Wanna go fast?!? SPEED Acid digestion!
I'm going to start off by admitting I mostly moved this paper up the blogging queue so I would have excuses to put more Ricky Bobby quotes on this blog. However, there are clearly some jewels in here. It might seem off topic, but -- THERE ARE MICROBIOME STANDARDS FROM ATCC!!! -- and they use one for the gut microbiome in this study. I've written a lot of commercial groups that do genetics microbiome standards to see if they had anything for proteomics and I've been ignored. Probably because everyone in the world but me knows that ATCC has already locked up that market? Great. I hear they make good standards and it looks to me like they'll be perfect for metaproteomics and metabolomics.
With the dozens (hundreds?) of sample prep methodologies out there, why would you use this one? Cause...
...that was a joke...
SPEED isn't a crazy fast digestion method like FLASH or sTRAP (which can be killer fast, if you want to use it that way -- I've noticed it used slower in the literature, because our typical overnight digestion can be pretty darned convenient). The goal here appears to be to minimize sample handling, because that should always be our goal.
I stole the overview of the method as the top image in the post and it should expand if you click it. I really really like one part of it. The turbidity measurement for protein concentation. <1 minute to know what my protein concentration is? Now...that being said....I've not found nanodrop to be the most accurate way of measuring proteins and turbidity seems even a step back from that. (As always, please keep in mind I'm not good very good at sample prep and my decreasing vision and hand eye coordination aren't exactly helping (thanks sensescence! you're the best!). If that is linear and sensitive, that would save a lot of time.

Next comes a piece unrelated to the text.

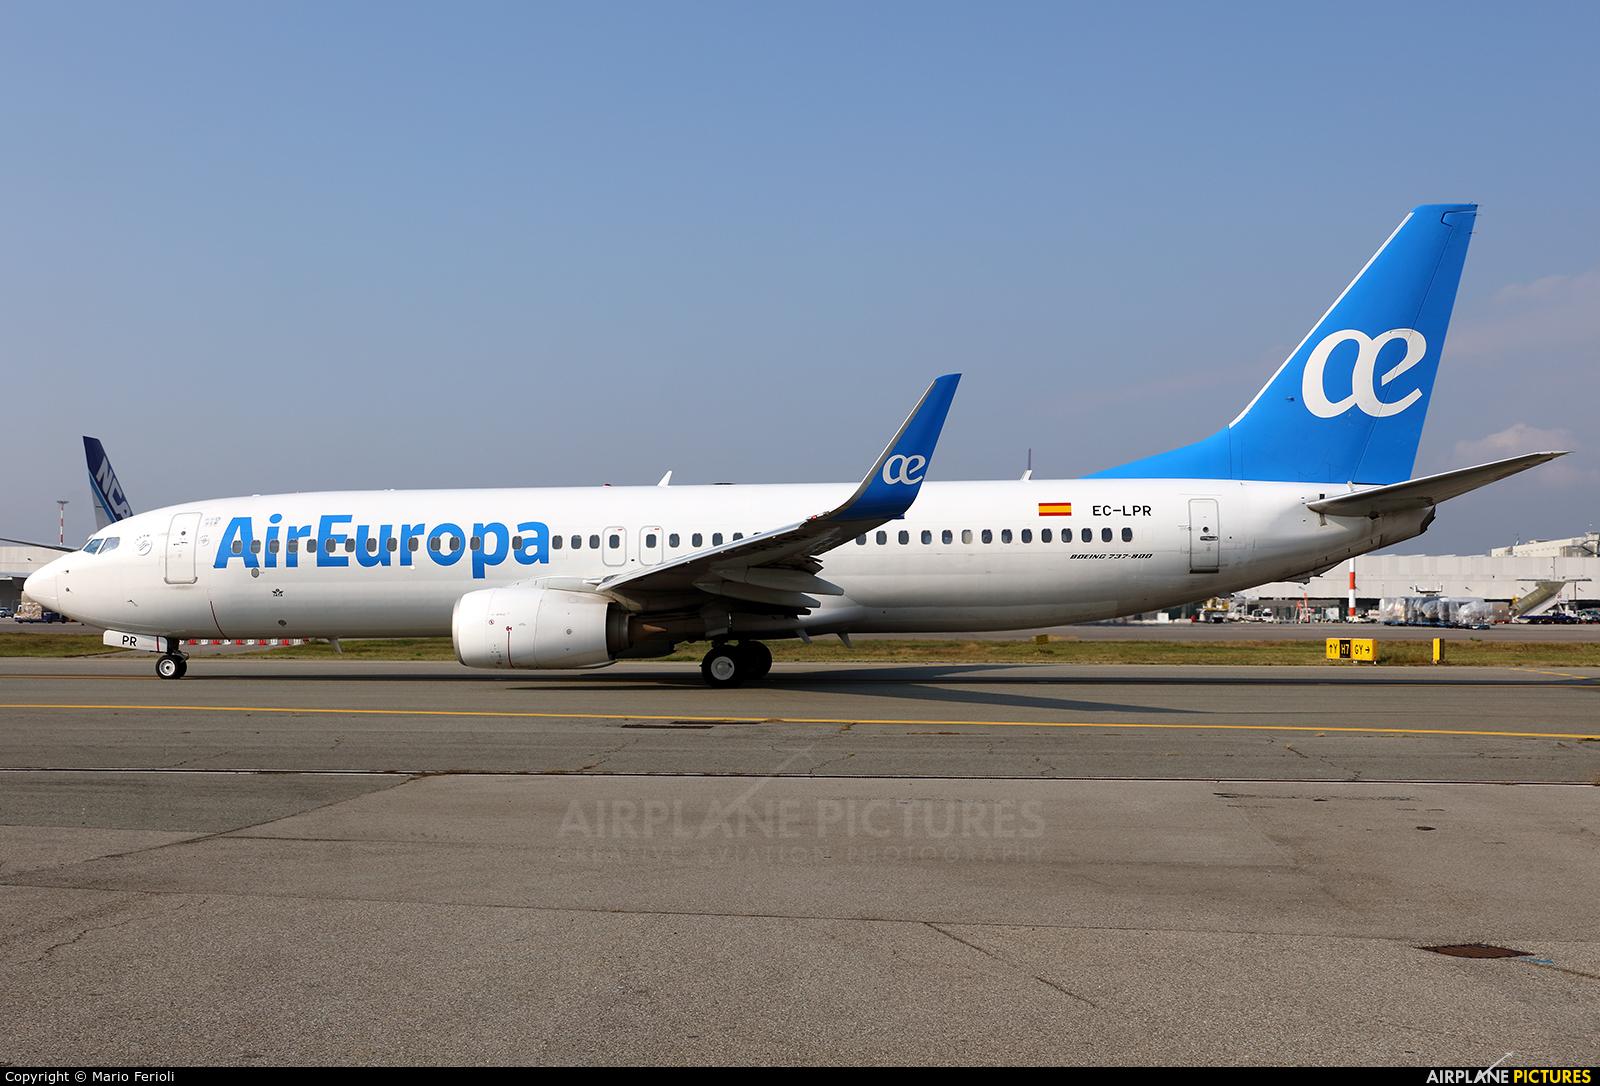 Air Europa EC-LPR aircraft at Milan - Malpensa

Here, microwave digestion is used as a first step for the hardest of samples (10 seconds for gram positives with an 800W microwave [Much less time than you'd need for Shake 'n Bake. Yes. That just happened]) it isn't used as the ultimate digestion method. Trypsin is still employed as the final digestion reagent.
The authors are quick to point out that while this method has some great pluses -- like no detergents, there are some obvious concerns --
--- they look at phosphorylations in this study.
How's it do? On the microbiome standard it appears to outperform iST by a lot and even beats STrap. If you'd like to check out the data it has been uploaded to ProteomeXchange as PXD011189, but hasn't been made live yet.
Hey authors! This is two papers in one weekend. Don't forget to tell the repositories when you're papers get accepted so all us nosy people can actually start digging through them.
Do we have a new number 1 digestion method? I'd like to see more data from other people before thinking this beats the current number 1 (which I'd call STrap right now).
And you know you can't have 2 number 1s -- cause then you'd have 11.